Сальваторъ въ собраній все время молчалъ. Его сердце болѣзненно сжималось, слушая эти вдохновенныя, сумазбродныя рѣчи. Тамъ внизу истекалъ кровью несчастный народъ,-- дальше, гдѣ островъ Искія сіялъ среди морскихъ волнъ, обагренныхъ закатомъ, испанскій флотъ выжидалъ удобнаго момента, чтобы овладѣлъ городомъ,-- а здѣсь убивали даромъ время на Широковѣщательныя фразы, которыя могли удовлетворять только самихъ ораторовъ.
Глубоковзволнованный живописецъ вошелъ на горный уступъ, съ котораго очарованному взору открывался прелестнѣйшій видъ на Неаполитанскій заливъ.
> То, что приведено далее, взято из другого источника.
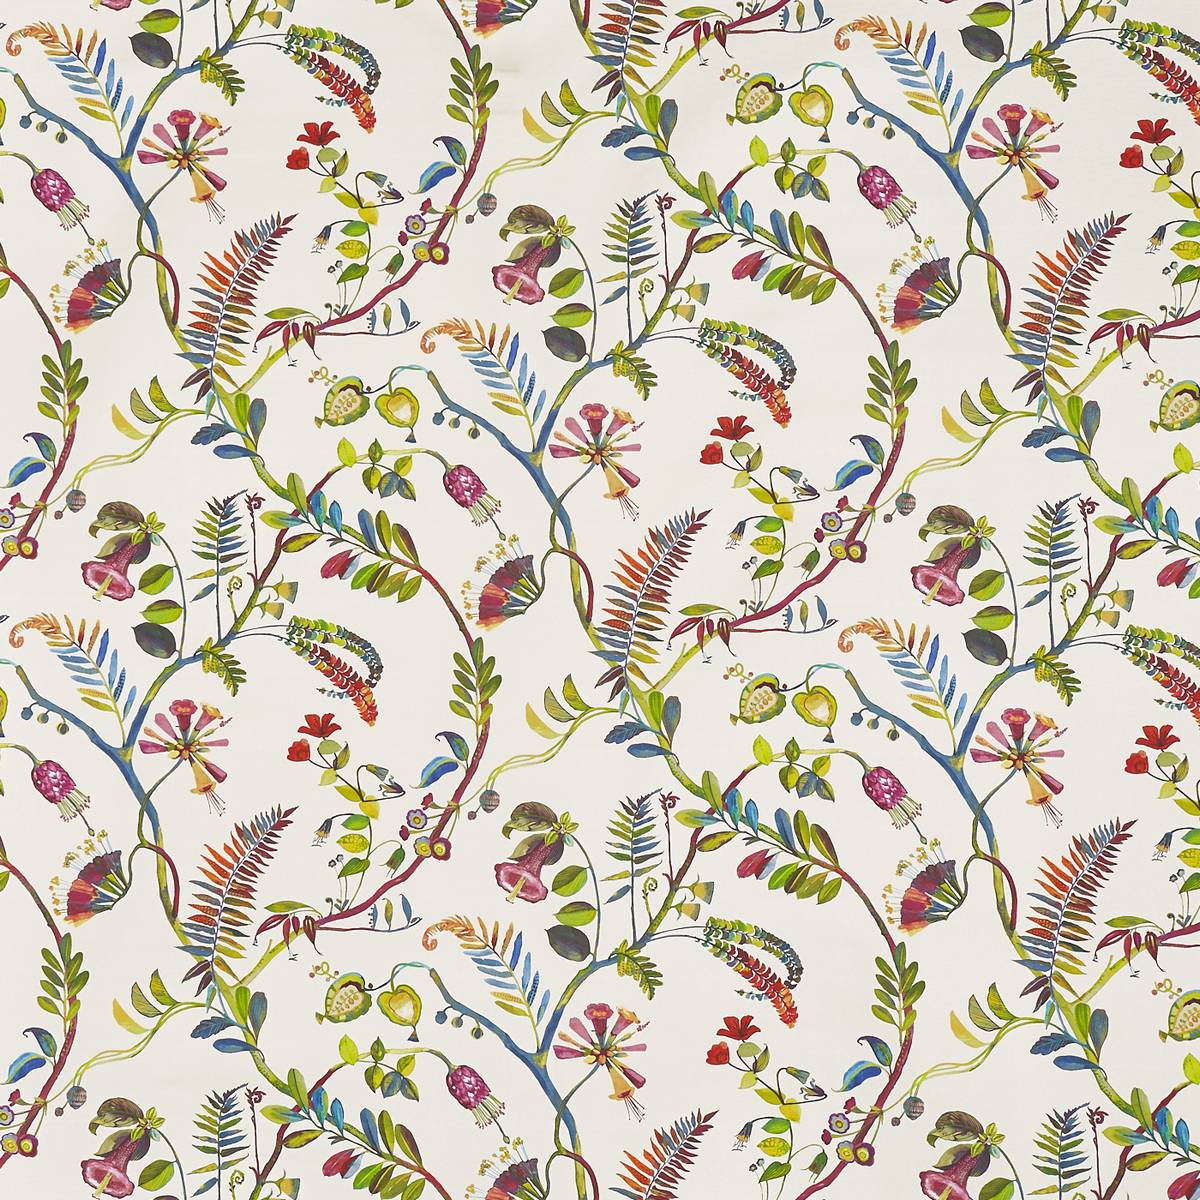 Tropicana Jewel Fabric by Prestigious Textiles

Острова Каира, Низида, Процида и Искія утопали въ золотѣ солнечныхъ лучей среди уже потемнѣвшихъ волнъ, а надъ ними возвышался Везувій, у подошвы котораго раскинулись Нортичи и другія окрестныя мѣстности до самаго берега Сорренто. Дальше взорамъ открывалась Вайя, неоднократно воспѣтая Гораціемъ въ его одахъ, долина на мысѣ Мизена, гдѣ убійцы, подосланные Нерономъ, умертвили мать, по приказанію ея жестокаго сына, и берегъ, на который, около того же времени, высадился апостолъ Павелъ, съ тѣмъ, чтобы возвѣстить погрязшему въ развратѣ всемірному Риму евангеліе любви. Какія картины! Какія воспоминанія! И когда собраніе разошлось По домамъ по вьющейся горной тропинкѣ мимо могилы поэта Виргилія, сердце Сальватора, казалось, готово было разорваться на части отъ скорбной думы о своемъ прекрасномъ, несчастномъ отечествѣ.
Вскорѣ французы бросили якорь у острова Проциды и Переговоры между представителями герцога Гиза и генералъ-капитаномъ неаполитанскаго народа Дженнаро Аннезе приняли благопріятный оборотъ. Какъ потомокъ анжуайской династіи герцогъ надѣялся оправдать свой претензіи на Неаполь на правахъ наслѣдника, и его честолюбіе не могло успокоиться, пока онъ не достигнетъ цѣли. Кардиналъ Мазарини отговаривалъ его лично участвовать въ экспедиціи: государственному уму министра казались безсмысленными претензіи, которыя герцогъ хотѣлъ осуществить при помощи революціи.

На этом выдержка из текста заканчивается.